Question

A cell of emf 1.1 V and internal resistance 0.5 Ω is connected to a wire of resistance 0.5 Ω. Another cell of the same emf is now connected in series with the intention of increasing the current but the current in the wire remains the same. The internal resistance of the second cell is________.
Fill in the blank with the correct answer from the options given below.

• A. 1.5 Ω
• B. 2.5 Ω
• C. 1Ω
• D. 2 Ω

Answer 1

The Correct Option is C

To solve the problem, we need to understand the circuit configuration and apply Ohm's Law. Initially, the total resistance in the circuit is the sum of the internal resistance of the first cell and the wire, which is 0.5 Ω + 0.5 Ω = 1 Ω. The electromotive force (EMF) of the first cell is 1.1 V. Therefore, the current, \( I \), through the circuit can be calculated using Ohm's Law, \( I = \frac{E}{R} \):

\( I = \frac{1.1 \, \text{V}}{1 \, \text{Ω}} = 1.1 \, \text{A} \)

A second cell with the same EMF is added in series.
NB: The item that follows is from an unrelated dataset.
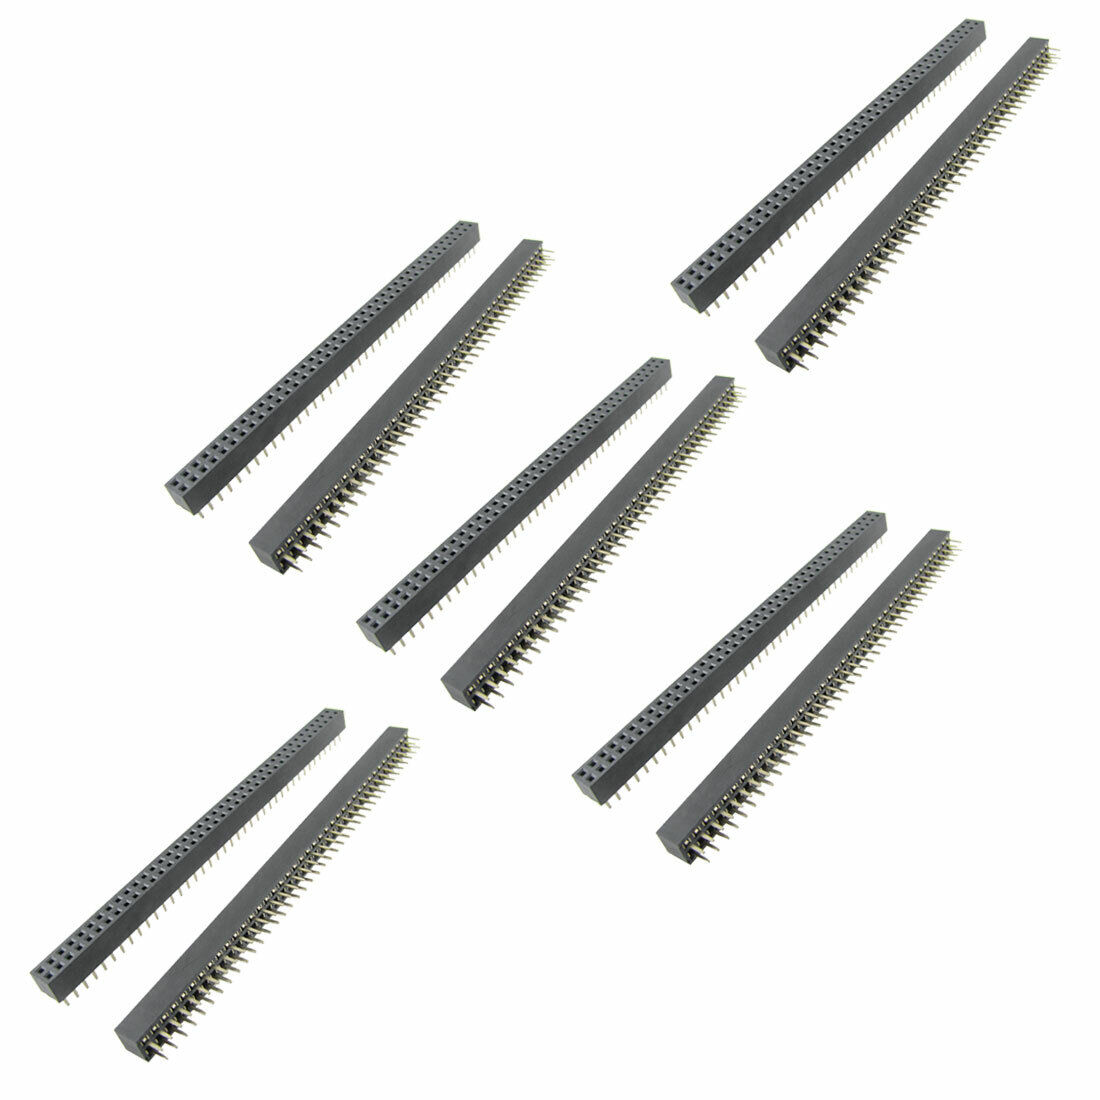 10x 2.0mm Pitch 2x40 Pin Straight PCB Connector Pin Headers Strip
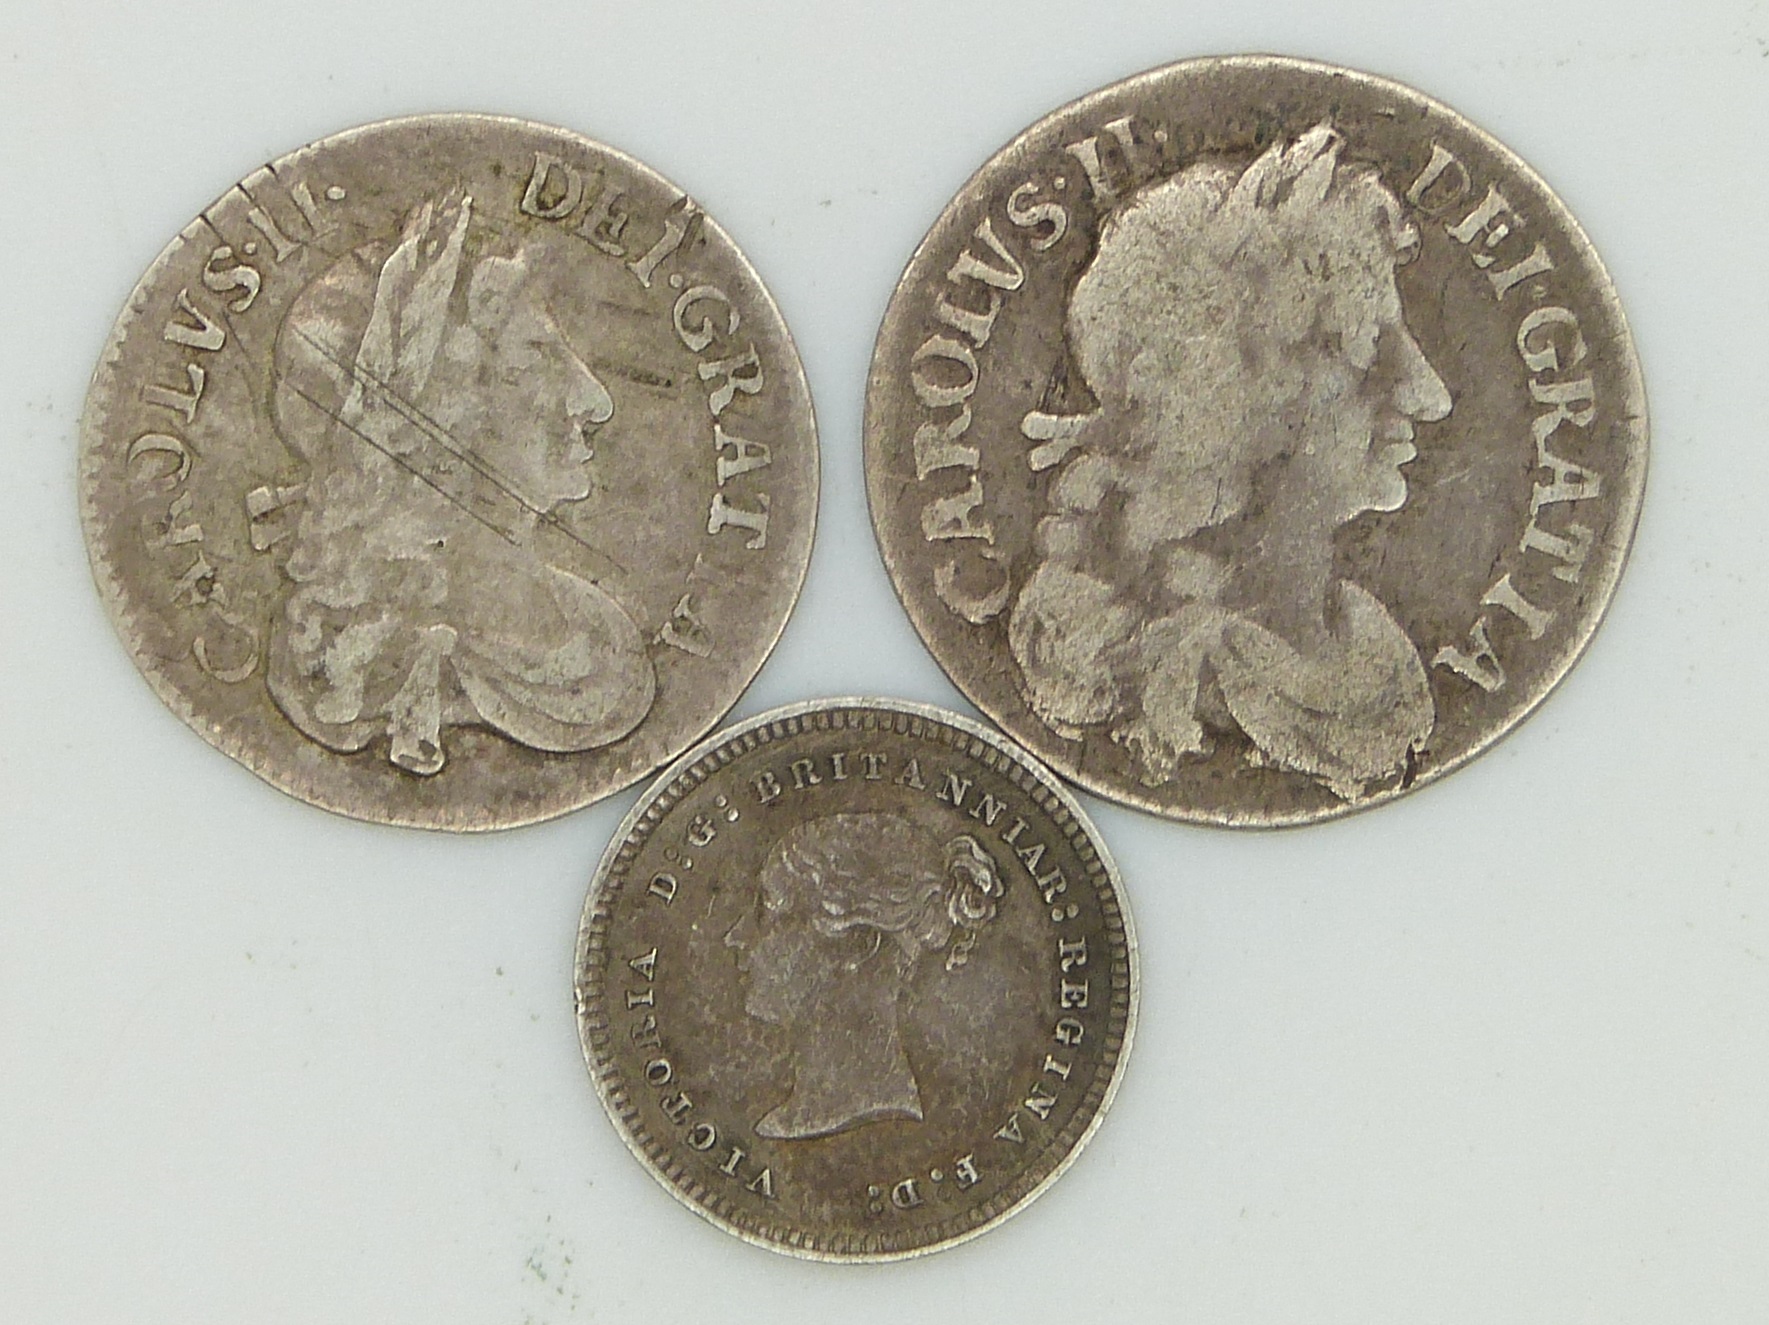 1679 Charles II Maundy fourpence together with a 1681 Maundy threepence and an 1880 Queen Victoria - Image 2 of 2

The total EMF of the circuit becomes 1.1 V + 1.1 V = 2.2 V. If the current remains the same at 1.1 A, we apply Ohm's Law again with the total new EMF and solve for the required total resistance, \( R_t \):

\( 1.1 = \frac{2.2}{R_t} \)

Solving for \( R_t \):

\( R_t = \frac{2.2}{1.1} = 2 \, \text{Ω} \)

The total resistance now includes the internal resistance of both cells and the wire, so:

\( R_{\text{total}} = 0.5 \, \text{Ω (wire)} + 0.5 \, \text{Ω (first cell)} + r \, \text{(second cell)} = 2 \, \text{Ω} \)

Solving for \( r \):

\( r + 1 \, \text{Ω} = 2 \, \text{Ω} \)

\( r = 2 \, \text{Ω} - 1 \, \text{Ω} = 1 \, \text{Ω} \)

Therefore, the internal resistance \( r \) of the second cell is 1 Ω.